→ **AIM OF THE EXERCISE**: Print the listing in its entirety and exactly, leaving out images.

→ **DATASET EXTRACT**:
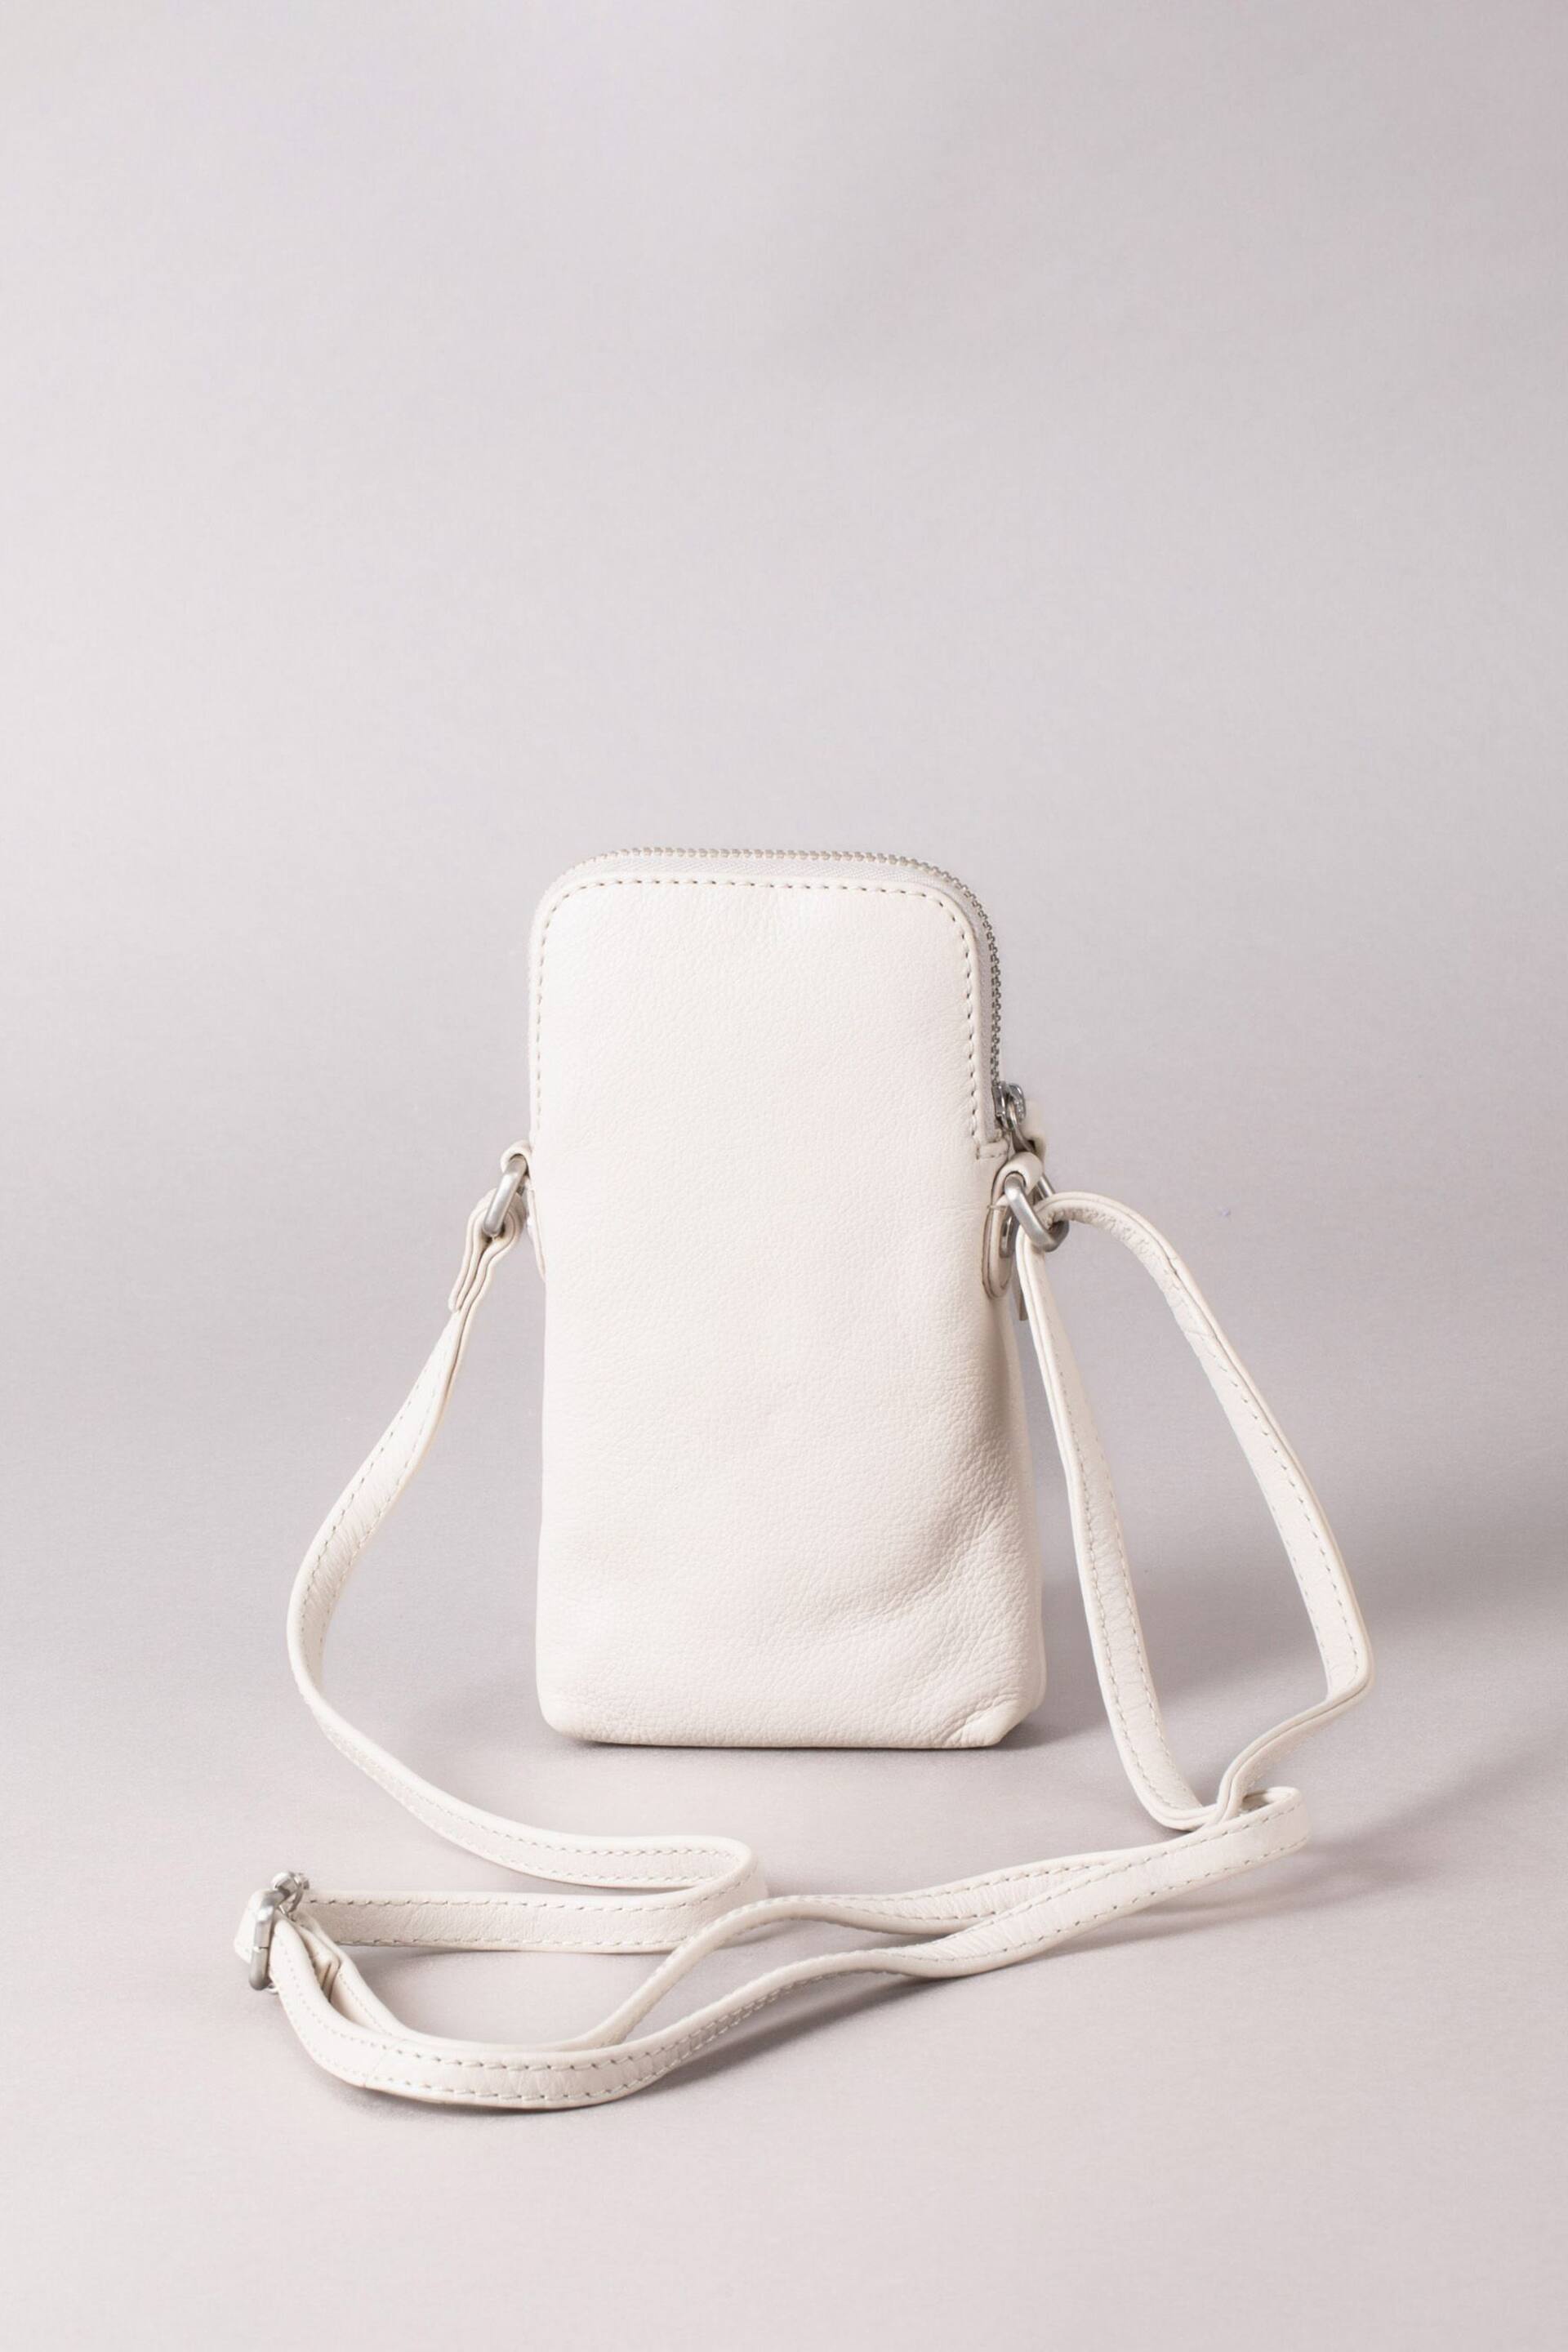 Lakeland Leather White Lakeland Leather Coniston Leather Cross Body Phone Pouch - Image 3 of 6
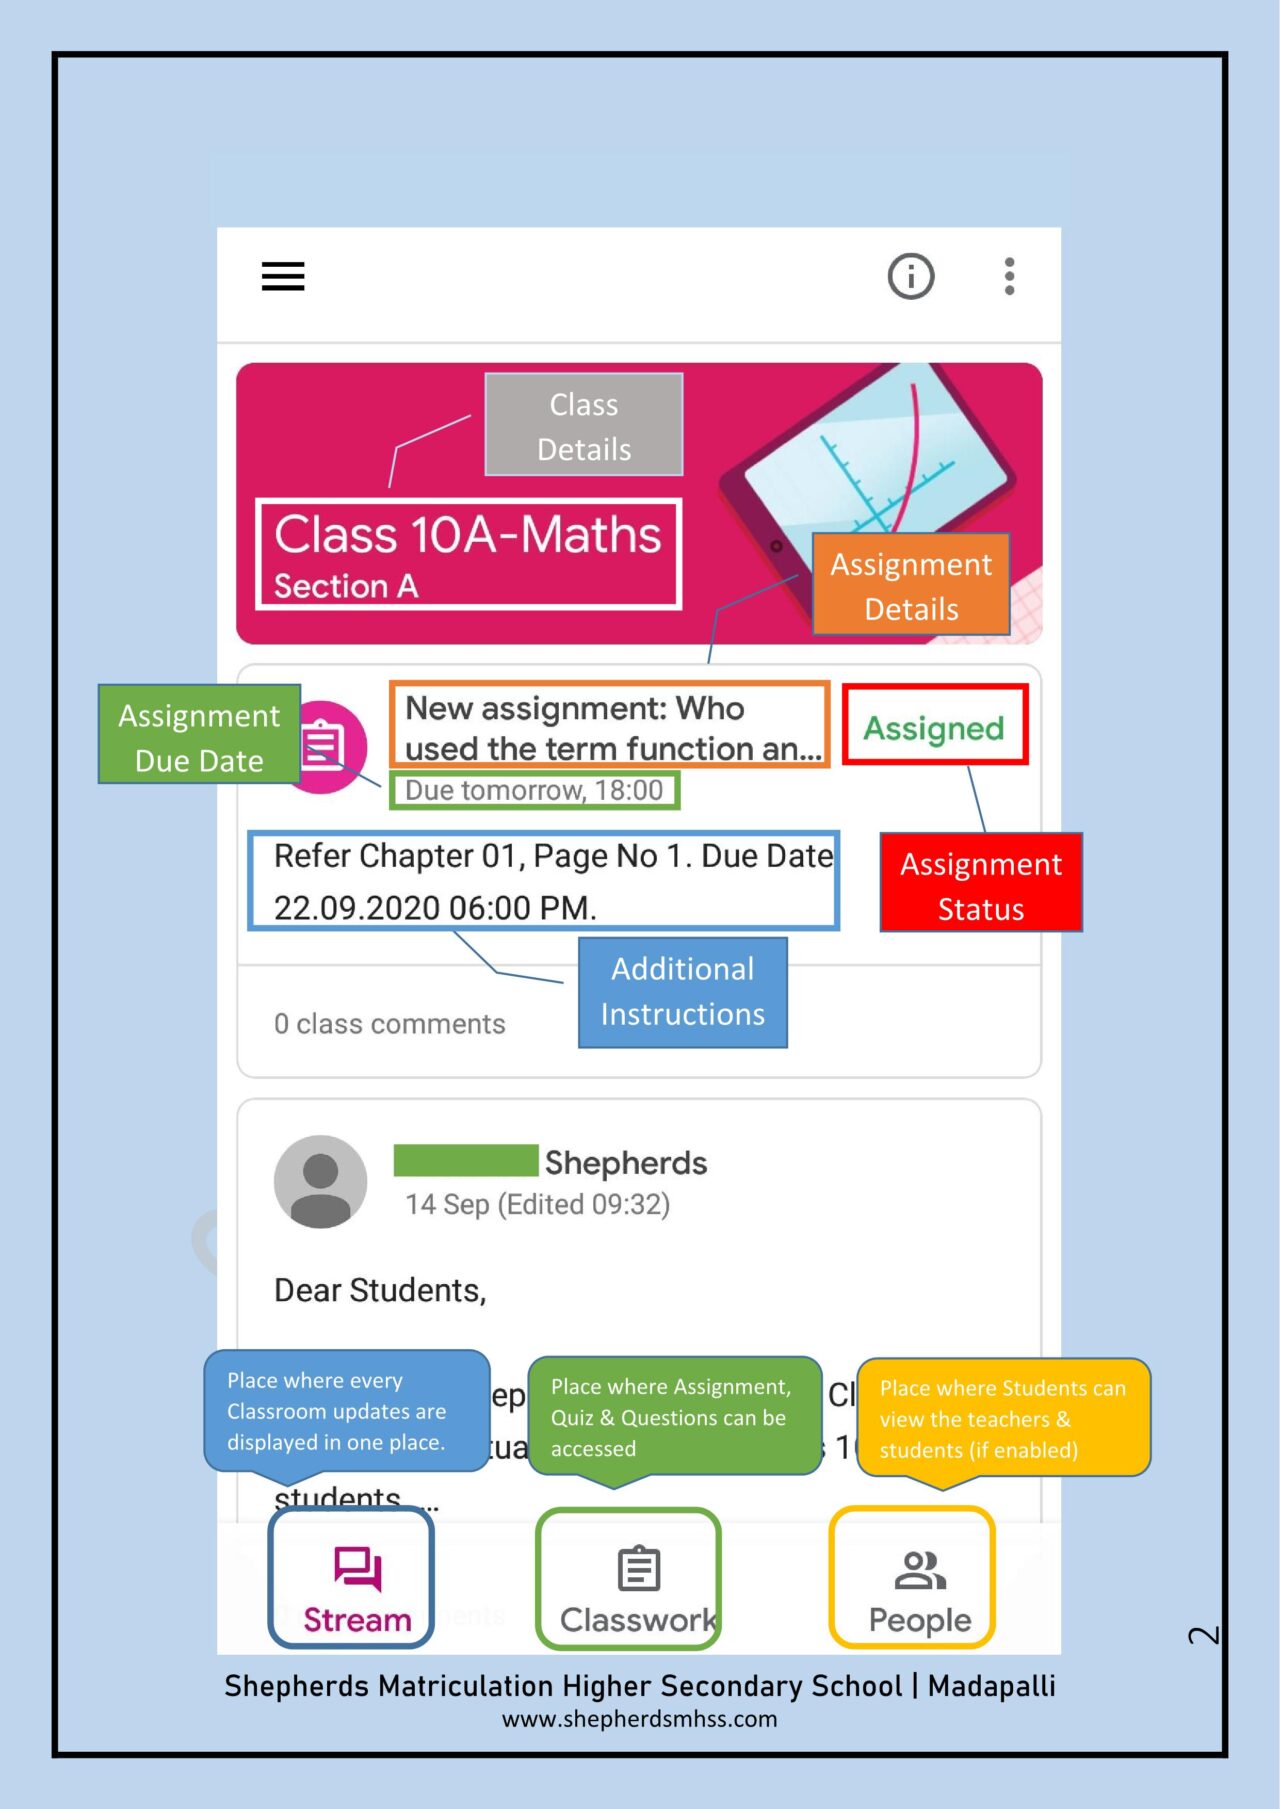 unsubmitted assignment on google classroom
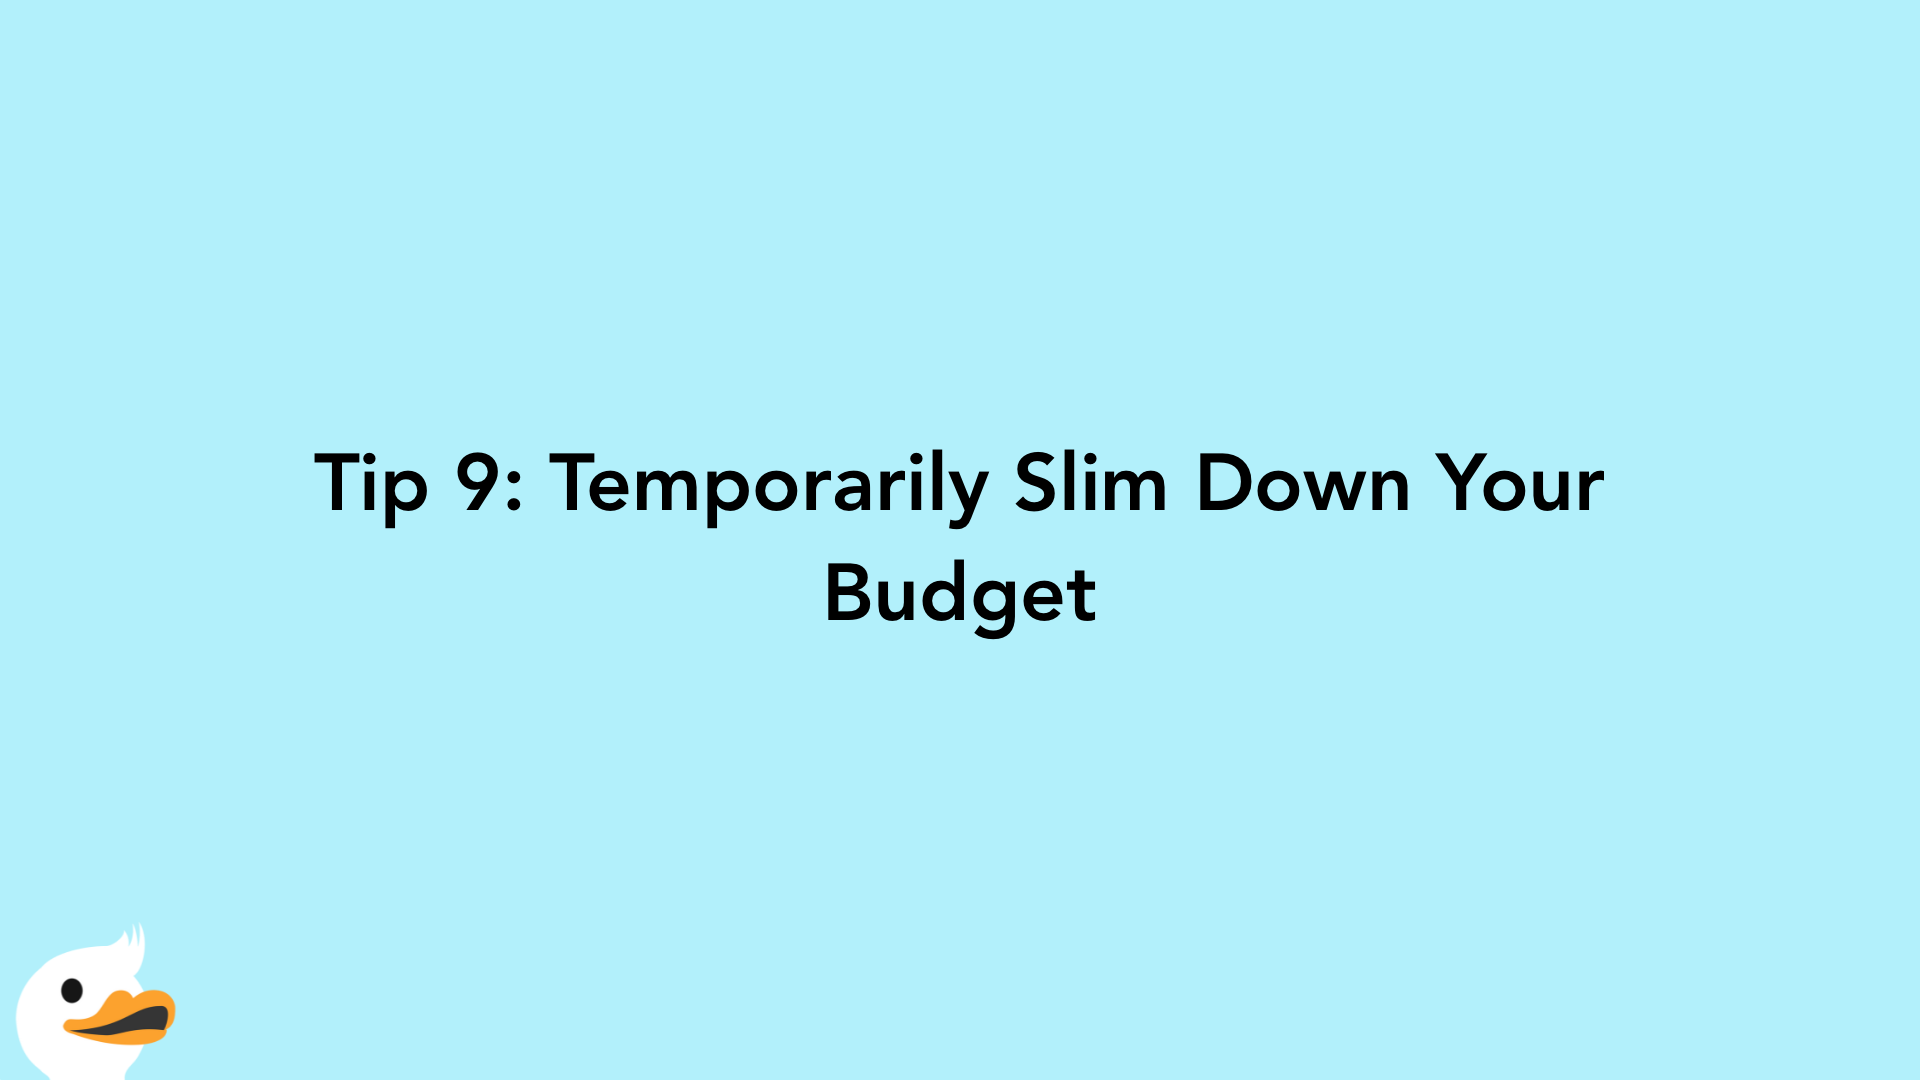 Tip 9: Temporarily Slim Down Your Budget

→ **RESPONSE TO THE EXERCISE**:
 Lakeland Leather White Lakeland Leather Coniston Leather Cross Body Phone Pouch - Image 3 of 6
 unsubmitted assignment on google classroom
 Tip 9: Temporarily Slim Down Your Budget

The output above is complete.